CLAIMING BACK THE DIVINE IN US!
Human life is shaped by stories: the stories we inherit, the stories we choose, and the stories we pass forward. These narratives do more than entertain or explain. They organise how we understand ourselves, how we relate to others, and how we decide what matters.
I have always loved stories, although I listen to them with careful attention, especially when they travel across cultures. I experience belonging as something created by presence rather than origin. Wherever my feet touch the ground, I consider myself at home. Each new place offers new ways of seeing, and I welcome these into what I think of as my personal stories library. This library is living and fluid. It is continually revised, expanded, and refined. It does not preserve ideas as fixed possessions. It allows them to move, evolve, and interact. This way of living with stories reflects my understanding of transculturalism as an active practice of openness and responsibility. I avoid binding myself to any single narrative as final.
Even the stories often regarded as unchangeable, including those preserved in sacred texts, remain alive within an adaptive and questioning mind.
Earlier this year I shared a short video in a WhatsApp group in which I reflected on the way the term “Holy Spirit” is commonly translated for Swahili speakers. In much of everyday usage, the phrase is understood as describing an external presence that enters a person only after being summoned through prayer or mediated by a religious authority. Over time, this interpretation has contributed to the transformation of the Divine into a vast commercial enterprise.
The importance of this question becomes clearer through lived experience.
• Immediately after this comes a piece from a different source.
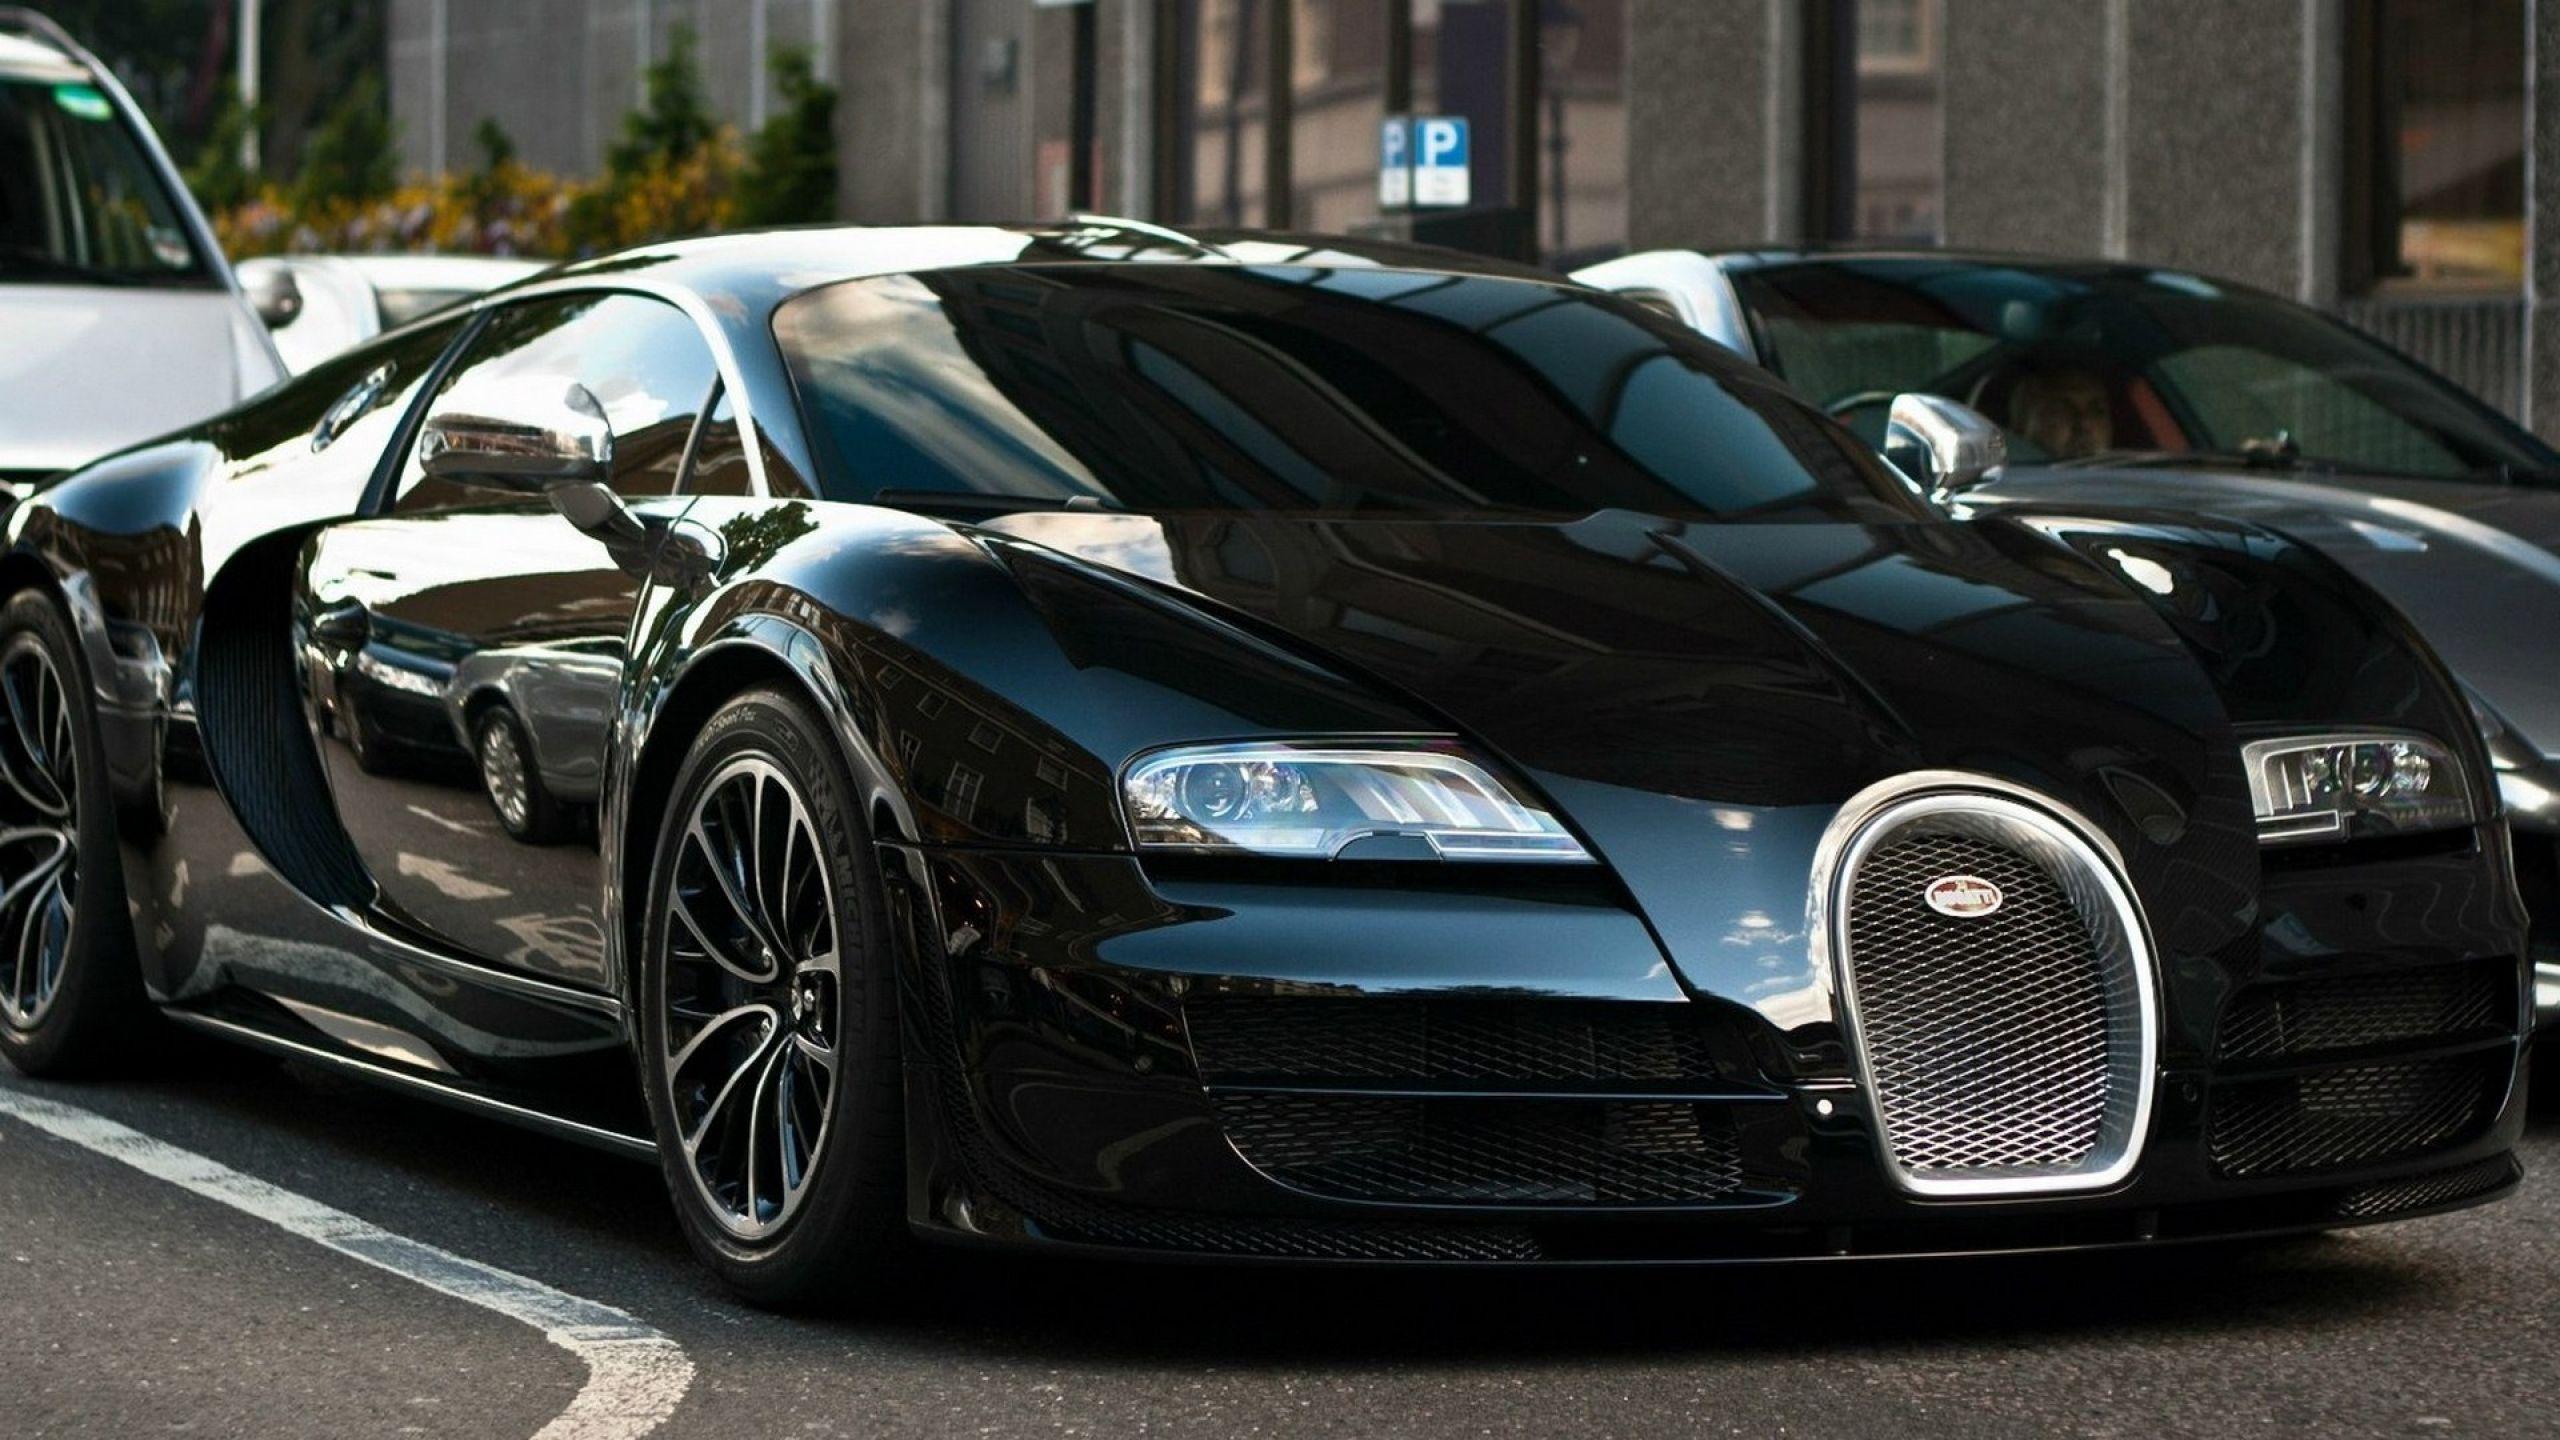 57 Best Free Gold Bugatti Veyron Car Wallpapers Wallpaperaccess
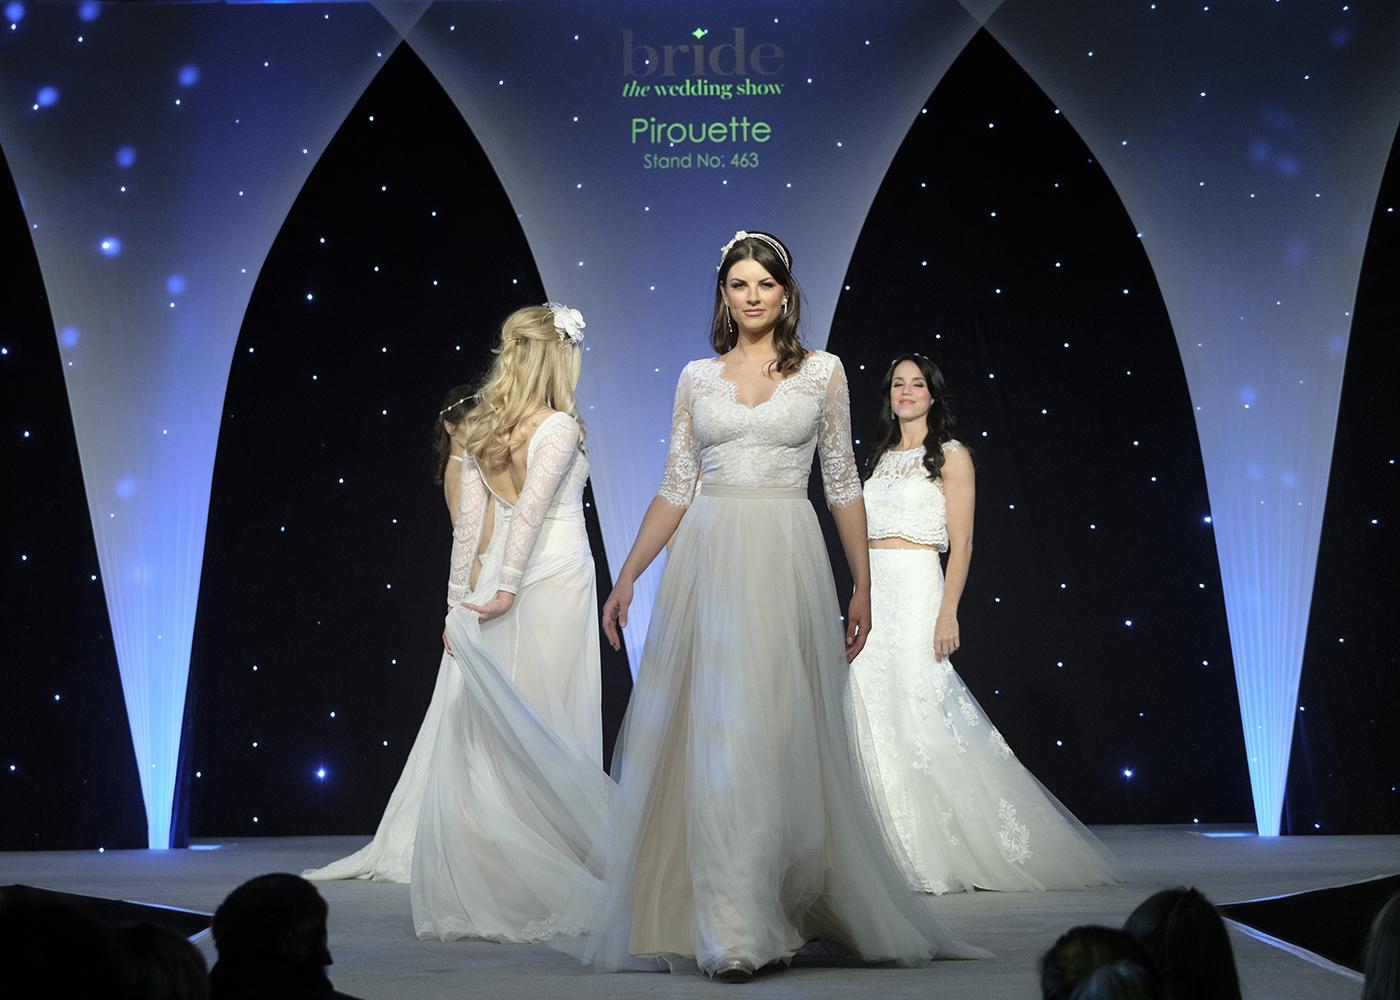 Bride: The Wedding Show

Throughout my travels I have met many people of exceptional kindness, empathy, and moral clarity who have no concept of God, heaven, hell, or a guiding spirit governing their actions. Their goodness does not arise from fear of punishment or hope of reward. It emerges from an intuitive understanding of connection, care, and shared humanity.
This deserves recognition. The source of life does not reside exclusively within religious institutions or doctrinal systems. It expresses itself through every being. We are composed of the same elemental substance and animated by the same underlying energy. Contemporary scientific understanding continues to reveal the depth of our material and relational unity.
When life is approached with this awareness, reverence returns in its most grounded form. Respect for existence becomes inseparable from respect for one another. Ethical conduct follows naturally from this orientation, including the enduring wisdom of treating others as one wishes to be treated.
We live within a fabric of relation: interrelated, interconnected, interdependent.